Growing up outside of Pittsburgh, the son of two teachers, David Bradley longed to be a real estate investor and entrepreneur.
“It made all the sense in the world to me and lit a fire within me,” he says.
Little did he know then that his parents’ profession would eventually come calling, in an unorthodox way.
After college, Bradley made a beeline to commercial real estate brokerage firm Marcus & Millichap in Fort Lauderdale, because he considered — and still does — the company’s training program to be “best in class.”
“I reasoned that there was no better way to learn about investing than from the people who were successfully doing it,” he says. “People like Marcus & Millichap’s clients.”
In his first year, he worked 70-hour weeks cold calling potential clients and property owners, piling up rejections. He made $3,500, scraping by with odd jobs at night and eating ramen noodles and peanut butter and jelly sandwiches.
But a year to the day after he started, he landed his first deal: A $32 million sale of an apartment building in Miami Gardens. The transaction gave him a nice commission check and something even more valuable — confidence.
Within a year or two, Bradley was regularly closing deals and mentoring new agents.
“I think I enjoyed that aspect of the job more than anything,” he says.
In 2007, Bradley was named sales manager in Fort Lauderdale. A year later, he was promoted to regional manager in Jacksonville. But when the economic storm clouds of recession formed, Bradley moved back to Pittsburgh to focus on buying distressed multifamily properties for his own account.
By 2014, he owned a portfolio of about 100 apartment units, and he’d started a brokerage company, Win Realty, that had a roster of 40 agents. But turning a profit with the apartments meant he’d need to take on many repairs himself.
“I’m probably the least handy guy you’ll ever meet,” he acknowledges. “So I had to question whether being an apartment landlord was a good career move.”
Shortly after selling the portfolio and the brokerage, he got a call from an old Marcus & Millichap colleague, with an offer to open a pair of offices for the company in Virginia.
A year later, another call from a former colleague took him to Marcus & Millchap’s office in downtown Chicago. There, Bradley quadrupled the size of the sales force by attracting new talent and tripled revenue.
“I’m very proud of what we accomplished there,” he says.
The efforts got the attention of Marcus & Millichap brass, too, and when Tampa regional manager Chris Travis decided he wanted to focus on brokerage, Bradley jumped again.
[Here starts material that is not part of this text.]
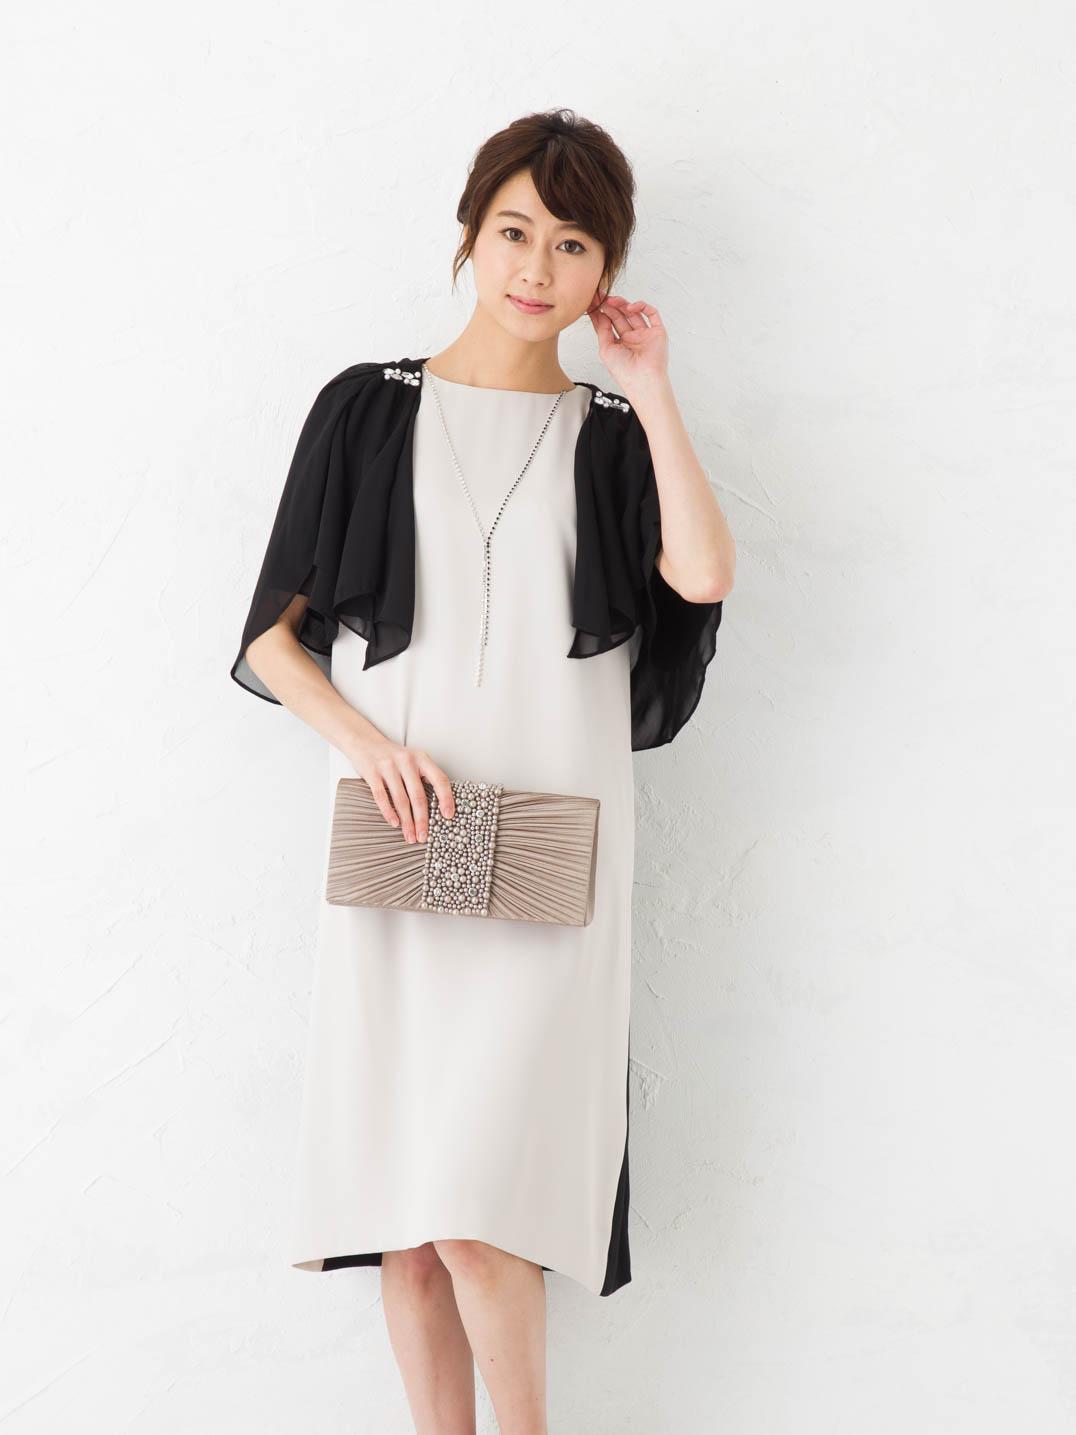 REPLETE ドレス4点セット / Mサイズ (DFC0022)

In October, he was named regional manager overseeing 58 agents and 75 total staff.
“Tampa is where people are moving to, from high tax states,” says Bradley. “It’s got an incredible quality of life and a lower cost of living than many places. This market is poised for more construction growth and investment.”
He has his sights set on expanding the office’s depth in office and industrial properties, and bolstering niche business in golf courses and marinas, self-storage and senior housing.
“The dynamics are in place here for us to grow, and we already have some of the best brokers I’ve ever worked with here,” Bradley says. “We already have a strong presence, and I believe we can take it a lot farther.
“Over the next two to three years, I think we’ll double the volume in our office,” he says. “I believe next year will be a very good year. If you look at the fundamentals and the demand drivers, access to capital, the lack of alternative yields, commercial real estate comes up a winner. If we can get through this pandemic with our health intact, we can plant the seeds for what’s next.”
And while he admits that getting to know his team amid the strife and social distancing brought by COVID-19 has been challenging, he’s taking a long view.
It isn’t lost on him, either, that his job isn’t too dissimilar from that of his parents’.
“A lot of what I do is I’m a teacher and a coach,” says Bradley. “It’s actually a natural fit for me.
“I’m very happy with the people and the culture we have here, so mainly I’m trying to build on that and grow and be helpful to others. I don’t have to re-invent the wheel here; we already have a good environment.”